International Crisis Group analyst Piers Pigou said the “deployment of serving senior military officers removes the last pretence of non-military bias in Zimbabwe’s politics. This is vintage wine in a camouflage decanter.”
AMERICA AND CHINA
If there were overt military rule, it could complicate Mnangagwa’s efforts to get Zimbabwe’s economy back on its feet, some Western diplomats say. Since the seizure by the Mugabe regime of thousands of white-owned commercial farms after 2000, Zimbabwe’s GDP has almost halved and the banking system has endured a meltdown that saw inflation top out at 500 billion percent in 2008. To kick-start growth, Mnangagwa will need to clear $1.8 billion of arrears with multilateral lenders such as the World Bank. He will also have to attract private investors.
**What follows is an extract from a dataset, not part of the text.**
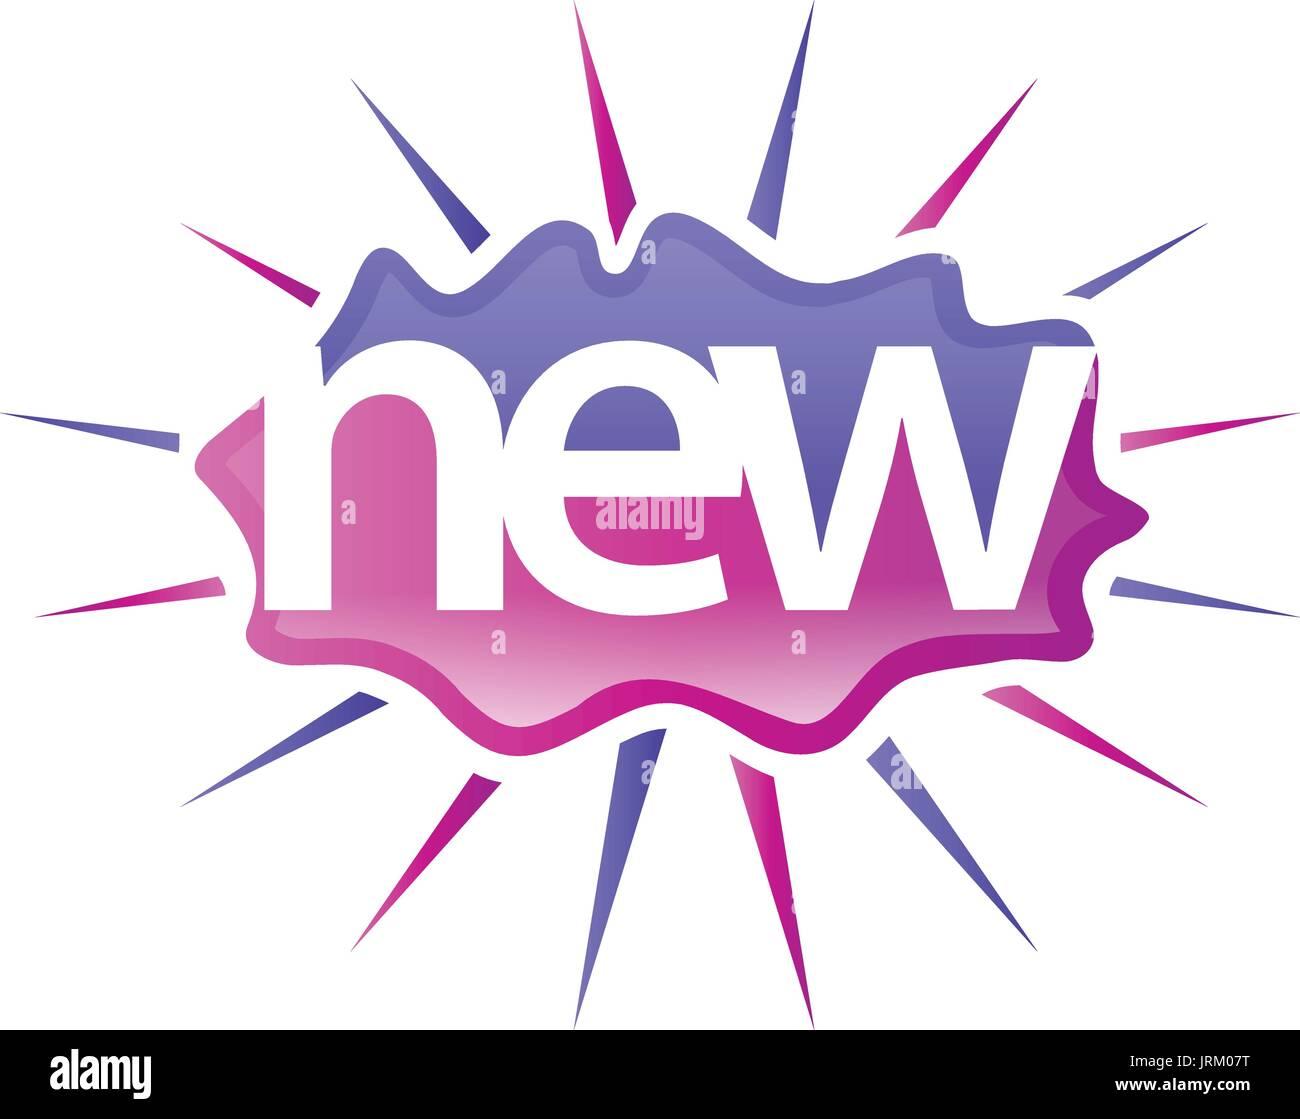 playful new word with shines, illustration design, isolated on white background - Stock Image

“These things don’t happen overnight, and they have to really show they will implement what they say they will do. That is key,” said Christian Beddes, the Zimbabwe representative of the International Monetary Fund.
Britain’s foreign secretary, Boris Johnson, told Reuters on Nov. 29 that Britain could extend a bridging loan to help Zimbabwe clear World Bank and African Development Bank arrears, but such support would depend on “democratic progress.”
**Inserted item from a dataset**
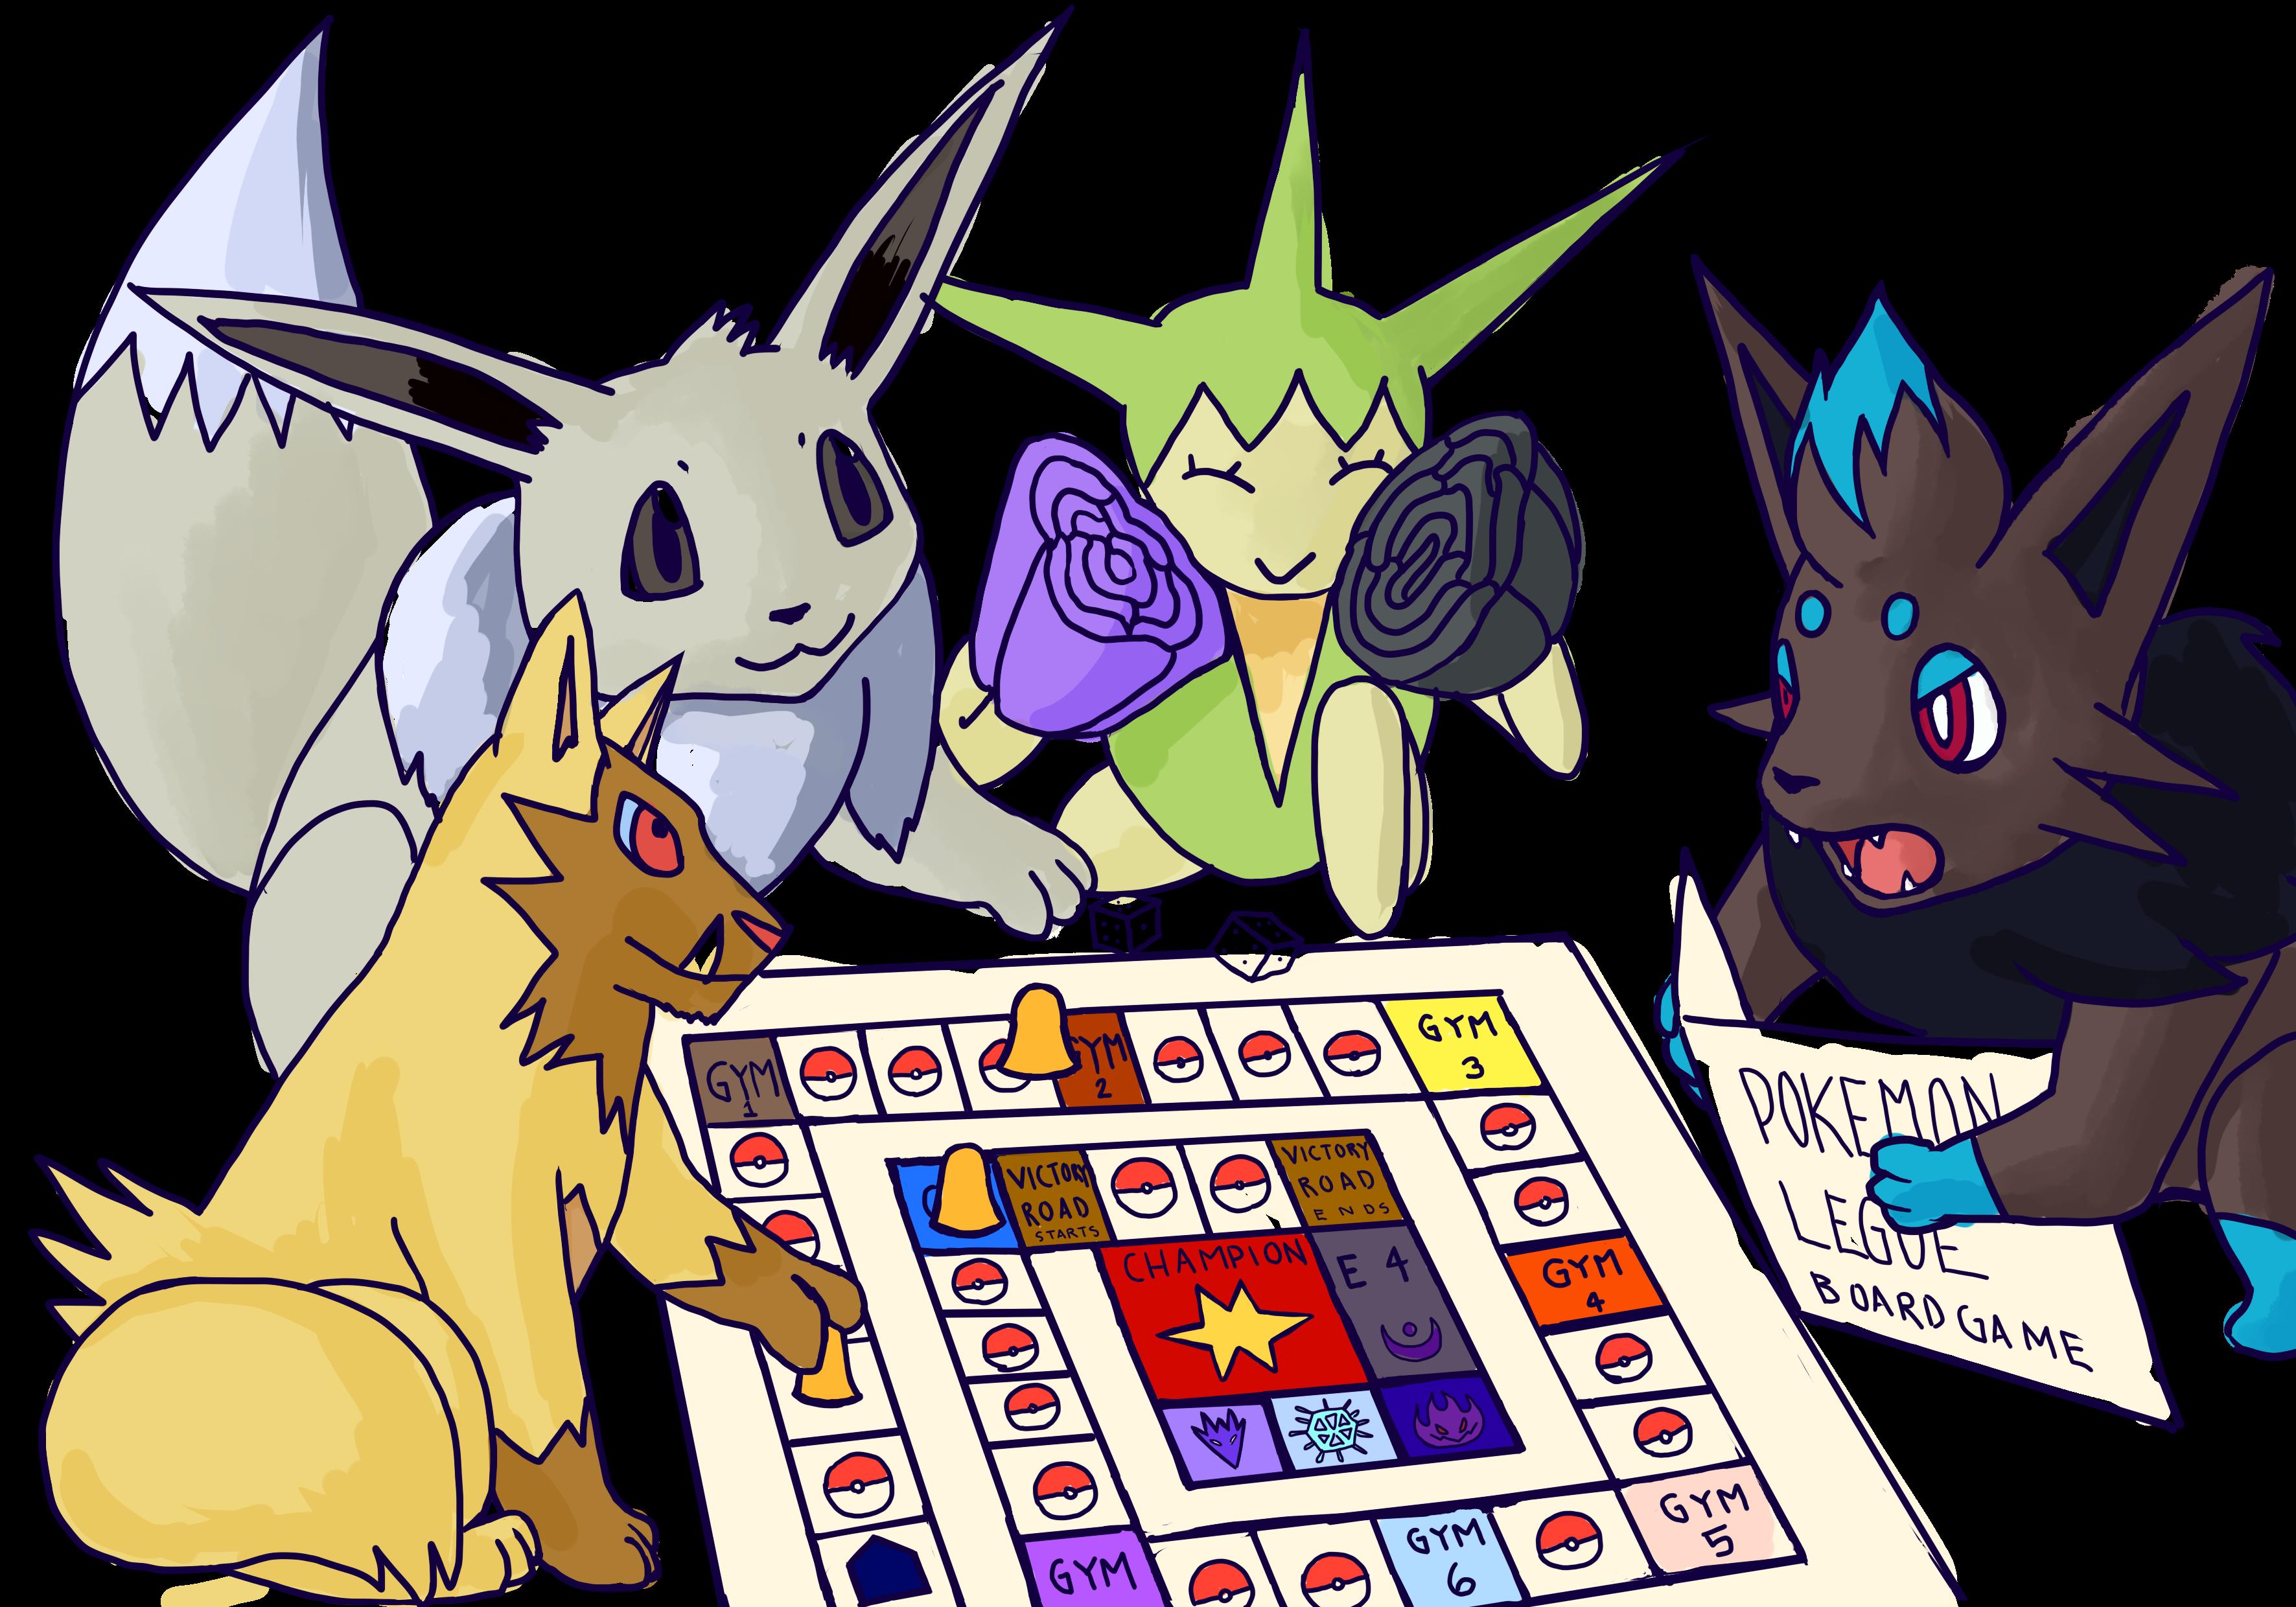 3543x2480 My Shiny Pokemon Playing A Board Game By Lupa Femina

U.S. Ambassador Harry Thomas avoided the term “coup” to describe Mugabe’s overthrow, referring to it as a “military intervention.” Thomas said Mnangagwa’s administration should be judged by its performance – most notably whether it manages to hold credible elections next year. He was speaking on Dec. 6, two days after the cabinet was sworn in.
China too is an interested party. It has significant investments and loans outstanding in Zimbabwe and long ties to Mugabe, Mnangagwa and Chiwenga.
In early November, after Mugabe had sacked Mnangagwa for plotting against him, Mnangagwa met Chiwenga in China, said two sources familiar with the general’s movements. Chiwenga also met Chinese Defence Minister Chang Wanquan, and the pair even discussed tactics to be used in the coup, according to two sources familiar with the talks. Beijing did not respond to a request for comment. Its Foreign Ministry has previously described Chiwenga’s visit as a “normal military exchange mutually agreed upon by China and Zimbabwe.”
Speaking at a signing ceremony for the Harare airport loan in December, Chinese ambassador Huang Ping said China’s government would “continue to support the Zimbabwean government in their economic development.”
GOLFING GENERAL
For Chiwenga, quitting as armed forces chief on Dec. 18 was the first time he had stepped out of uniform in more than four decades.
An ethnic Karanga like Mnangagwa, Chiwenga joined Mugabe’s Chinese-backed ZANLA guerrilla army in the early 1970s. He received his training in Mozambique, where he learned Portuguese, as well as in Tanzania and China. As part of Mugabe’s close-protection unit in Mozambique, Chiwenga had regular exposure to Zimbabwe’s fiercely intellectual future leader, from whom the soldier acquired a respect for education and a keen nose for politics, according to a senior regional intelligence source who knows Chiwenga.